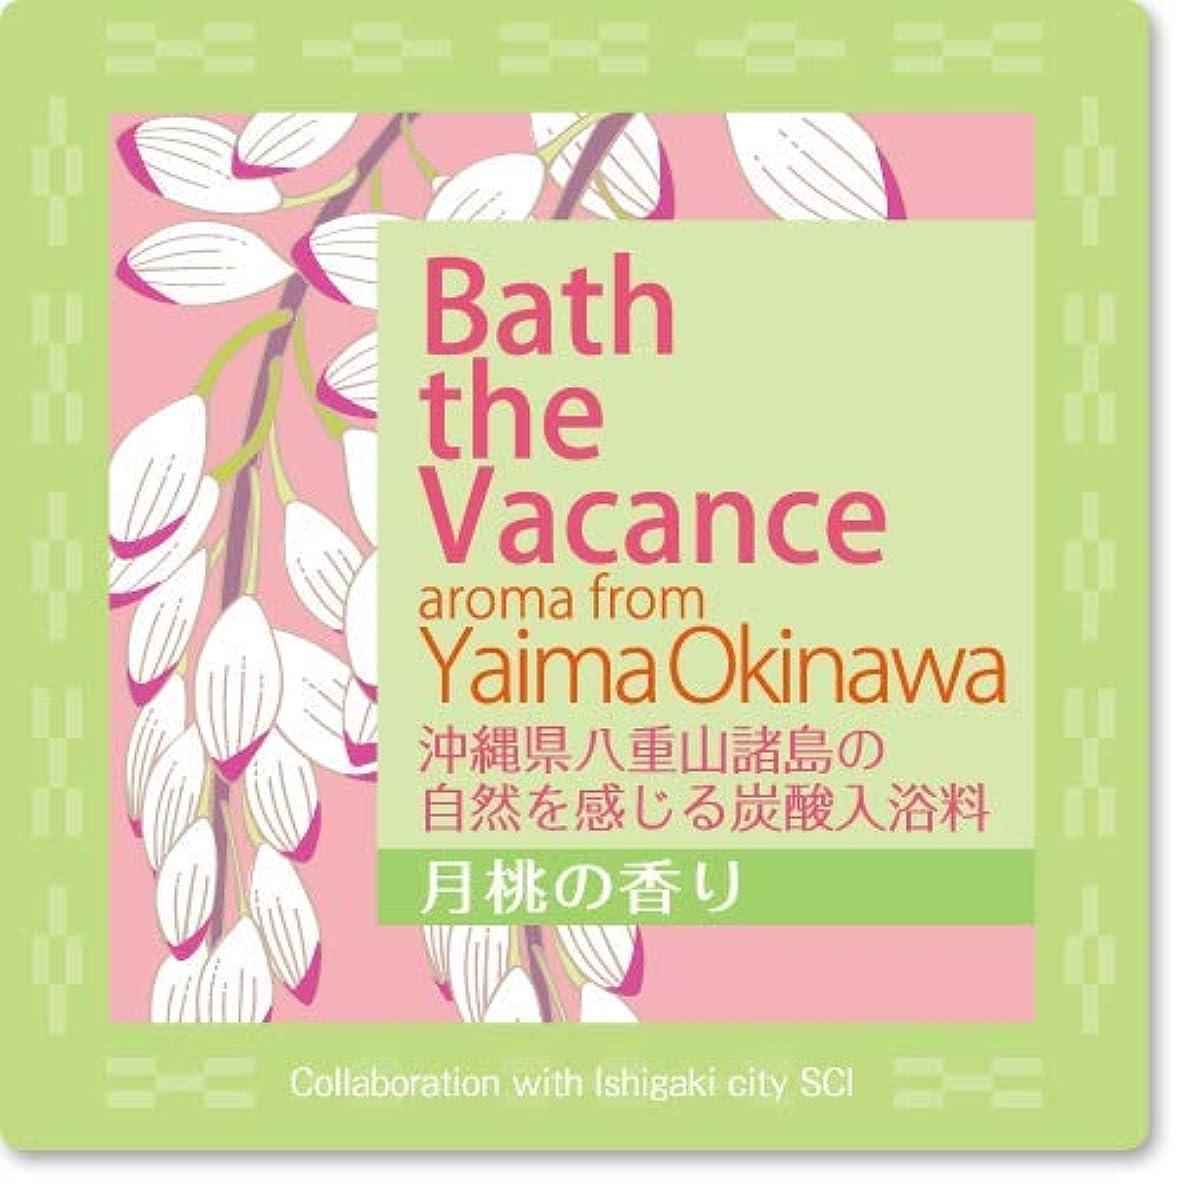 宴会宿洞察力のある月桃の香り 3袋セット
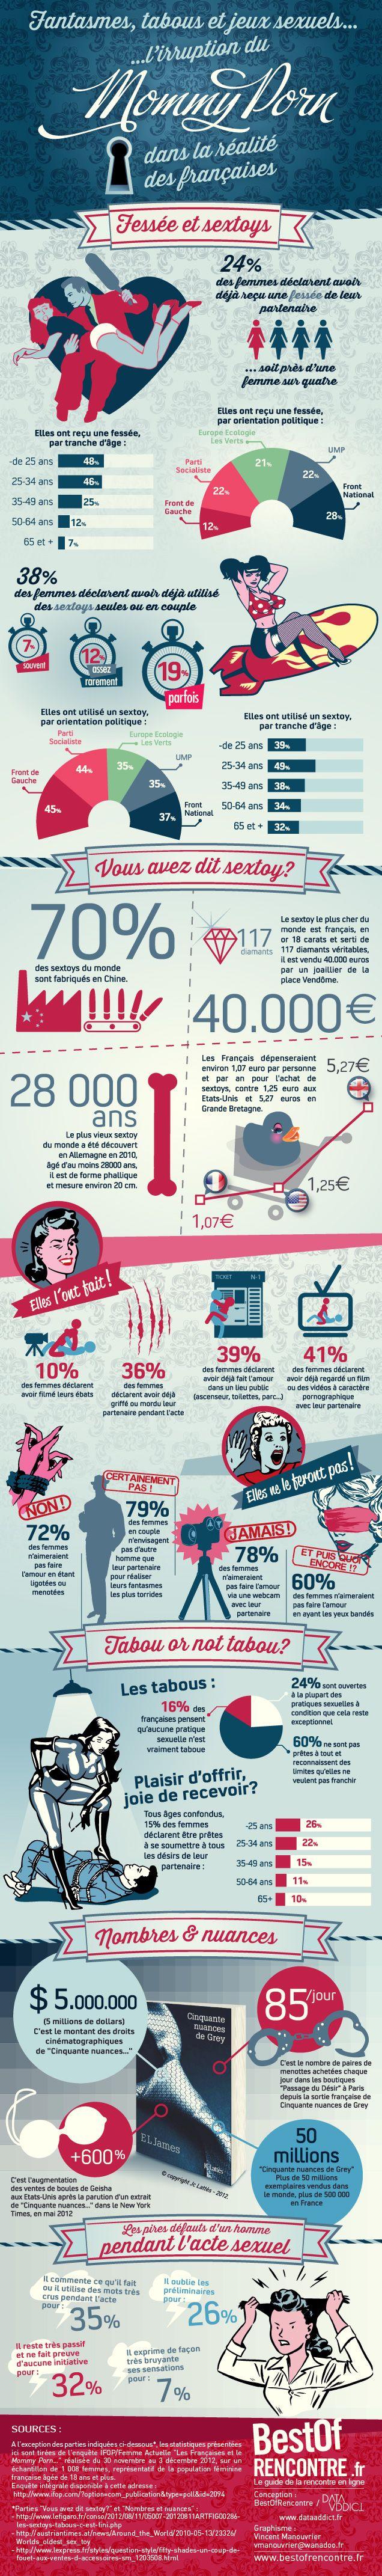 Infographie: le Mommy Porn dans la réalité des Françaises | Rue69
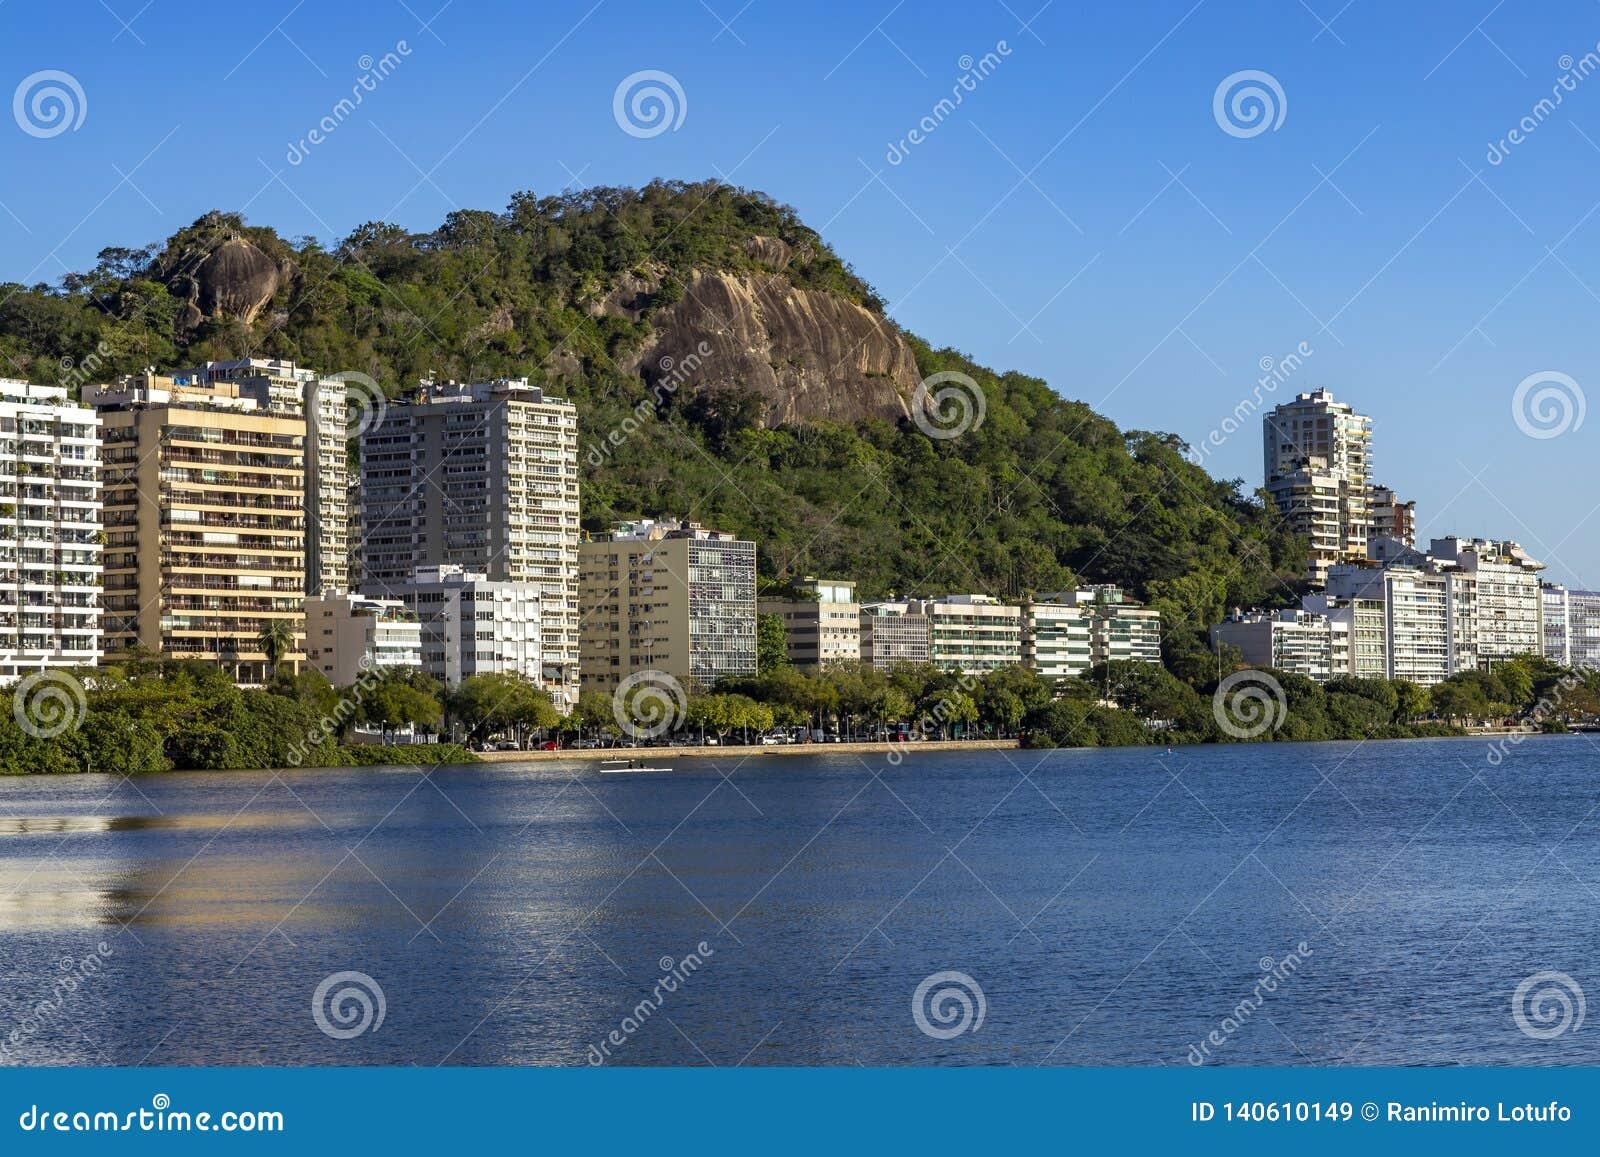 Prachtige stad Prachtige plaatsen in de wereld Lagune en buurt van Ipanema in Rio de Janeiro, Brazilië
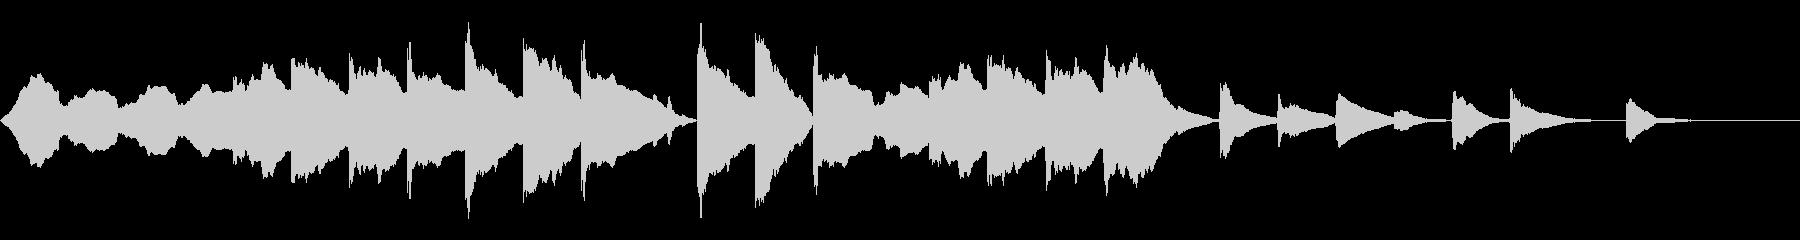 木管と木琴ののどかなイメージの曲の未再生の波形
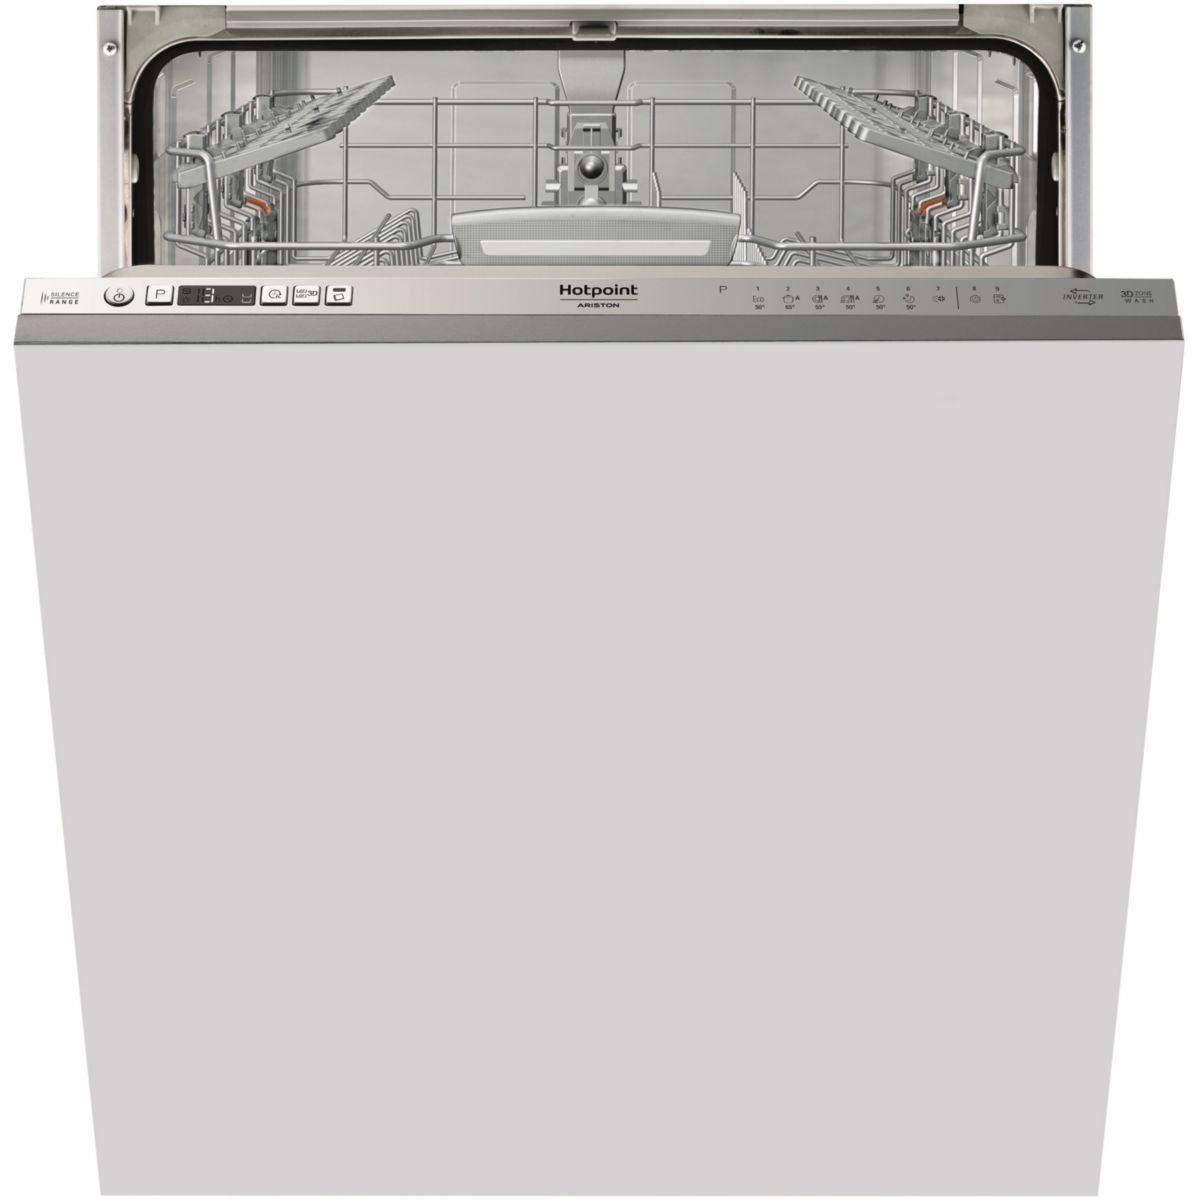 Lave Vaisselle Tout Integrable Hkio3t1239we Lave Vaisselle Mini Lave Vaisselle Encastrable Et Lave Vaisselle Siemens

Exercise description: All of the records should be output exactly as they stand, with pictures omitted.

Written response:
 宴会宿洞察力のある月桃の香り 3袋セット
 Infographie: le Mommy Porn dans la réalité des Françaises | Rue69
 Prachtige stad Prachtige plaatsen in de wereld Lagune en buurt van Ipanema in Rio de Janeiro, Brazilië
 木管と木琴ののどかなイメージの曲の未再生の波形
 Lave Vaisselle Tout Integrable Hkio3t1239we Lave Vaisselle Mini Lave Vaisselle Encastrable Et Lave Vaisselle Siemens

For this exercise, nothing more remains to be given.